Ultimately, a smooth and enjoyable wedding day experienec for you truly hinges on clarity of responsibilities, and determining from there how you can ask them questions and determine what’s needed from them throughout your wedding planning journey.

While your (Onsite) Venue Manager is your essential partner for the building’s infrastructure—managing access, security, sanitation, and adherence to facility guidelines—they are not responsible for the experience within those walls. They are only responsible for the function of the space they operate in, so if your reception is elsewhere, that’s important to know.

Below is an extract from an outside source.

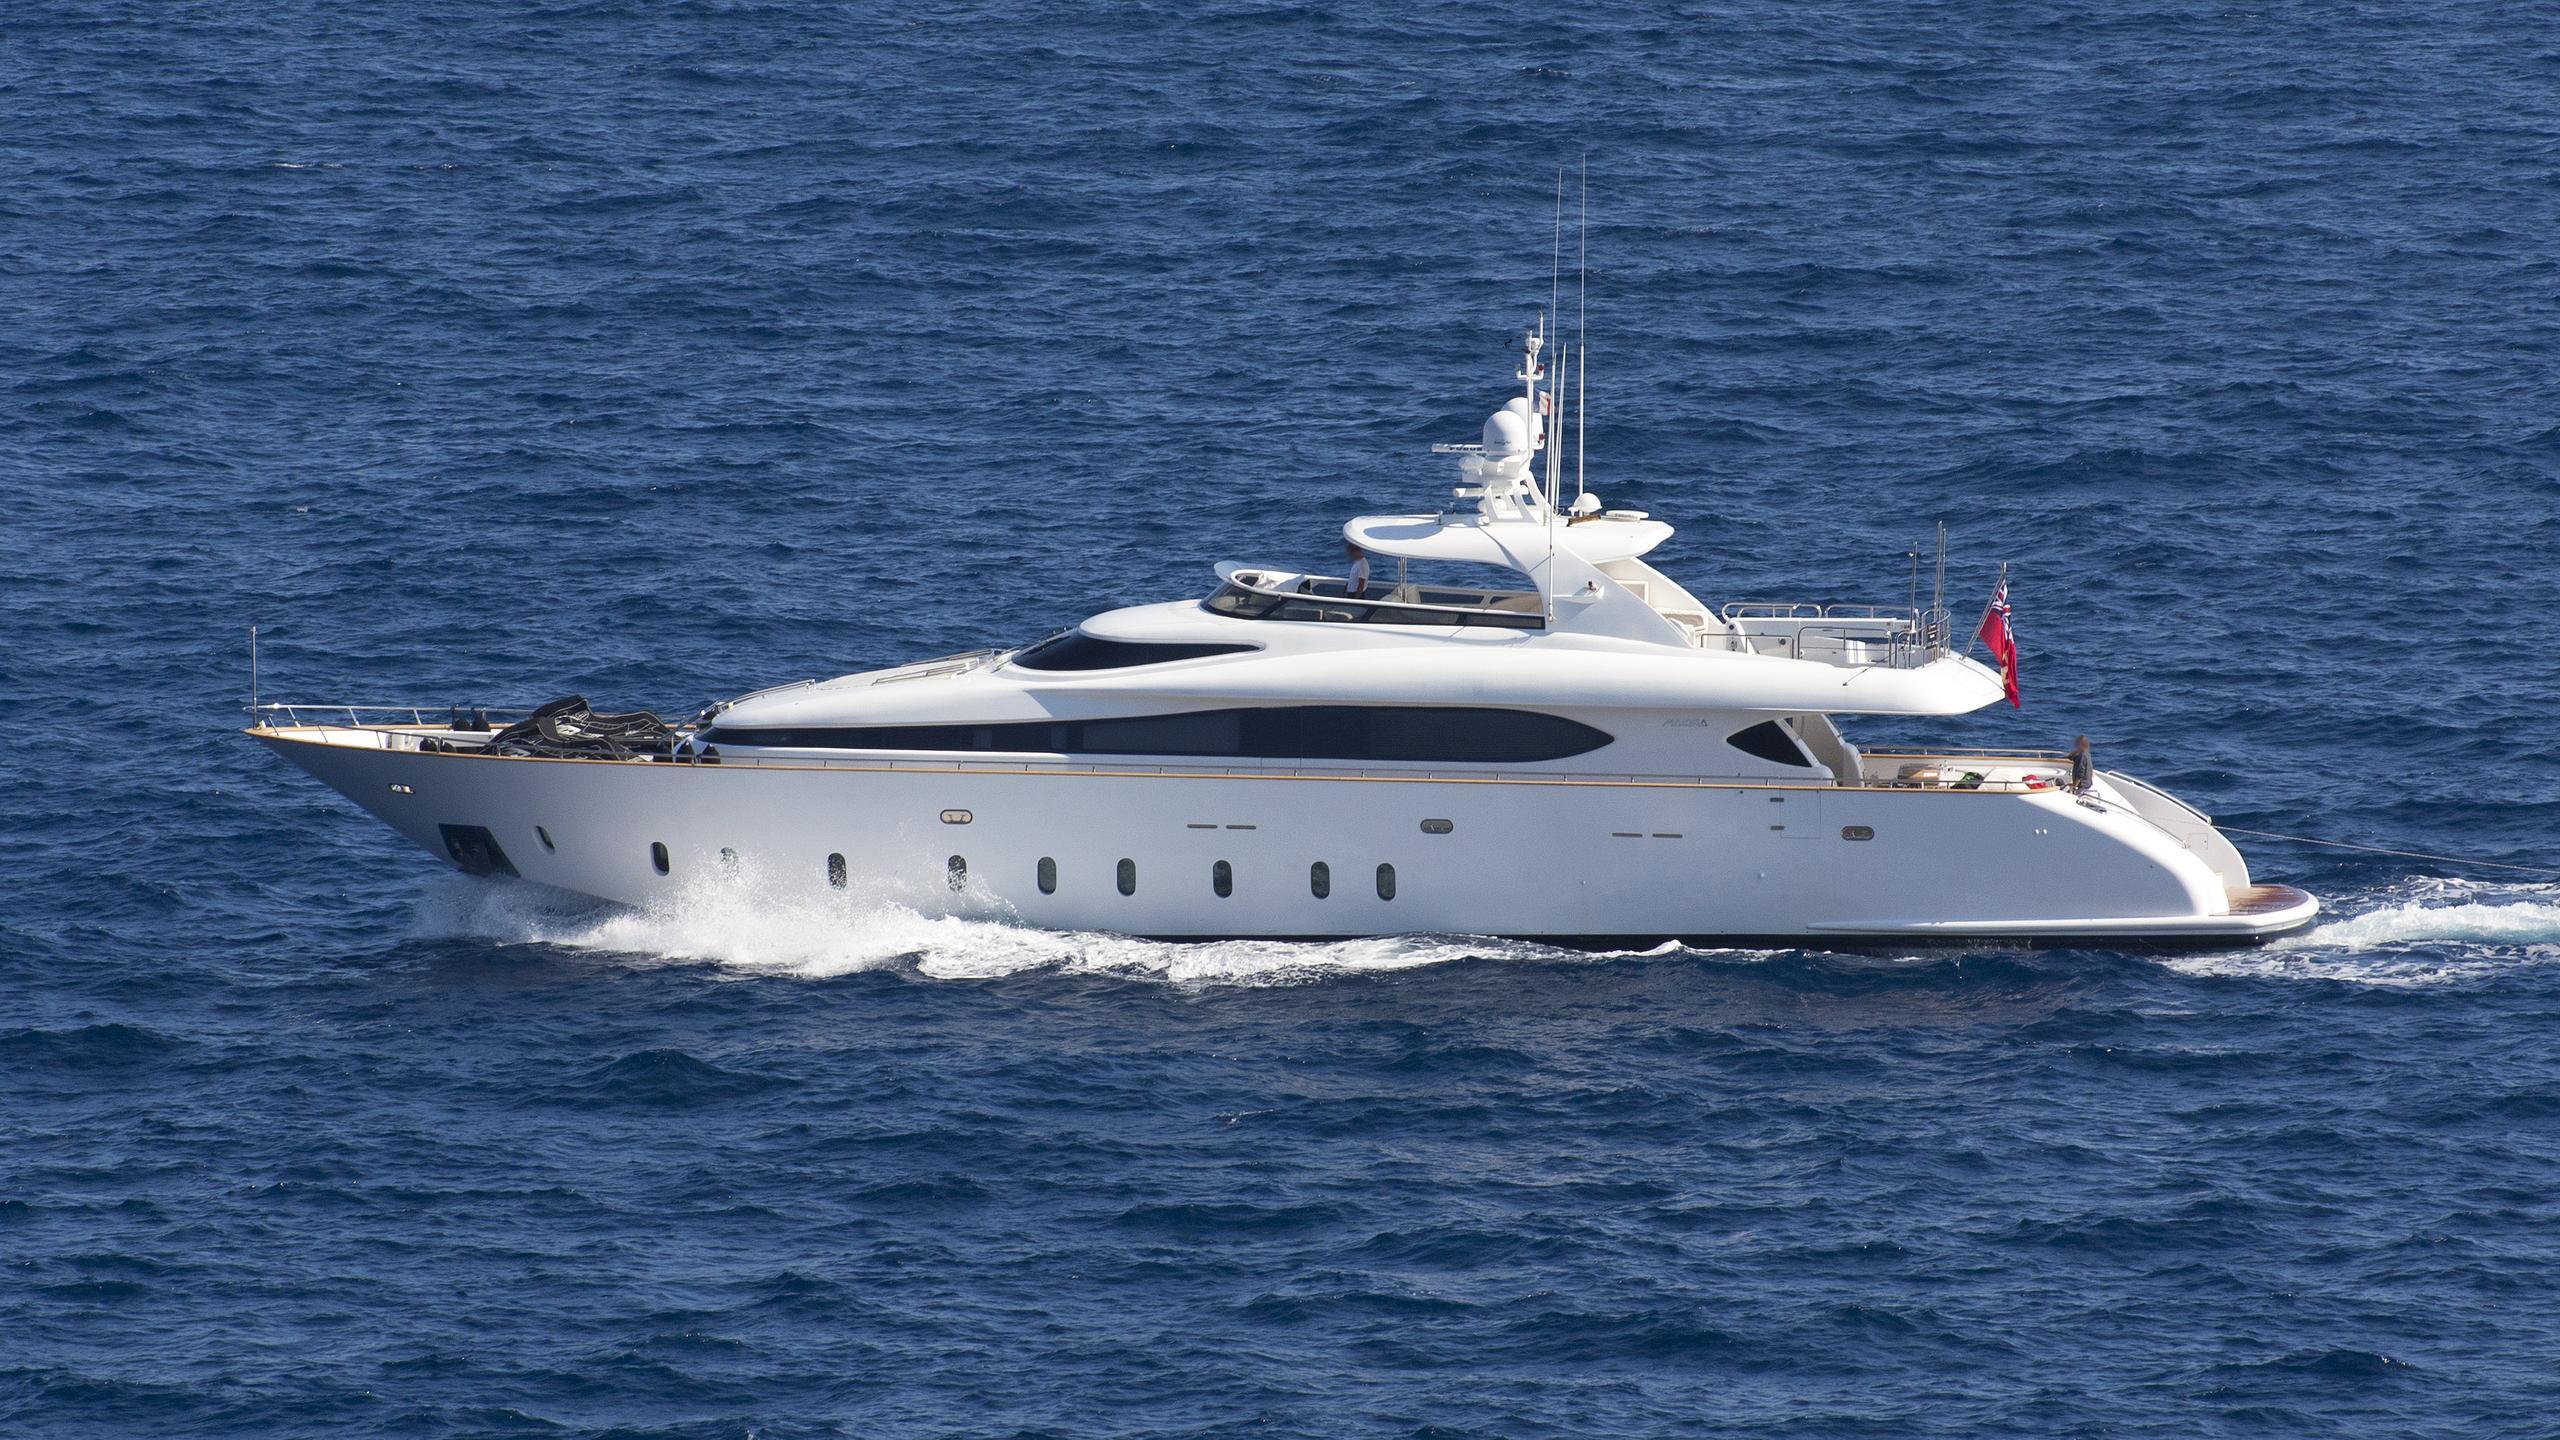 tuscan-sun-motor-yacht-maiora-32dp-2008-32m-cruising

If it’s high priority for you to have a smooth event between your wedding party, your guests, your vendors and yourselves, and for you to lean on someone to curate and finalize the best possible wedding-day timeline, you will need to lean into hiring a Wedding Event Planner, and in what capacity when it comes to aesthetic design, function, and coordination.

Understanding the distinct scope of each position—one managing the place, the other managing the event—is the critical step that transforms your planning journey from overwhelming to effortlessly organized. By ensuring every key responsibility is covered by the right professional, you grant yourself the most valuable luxury on your wedding day: the ability to be fully present and simply enjoy the magic you’ve created.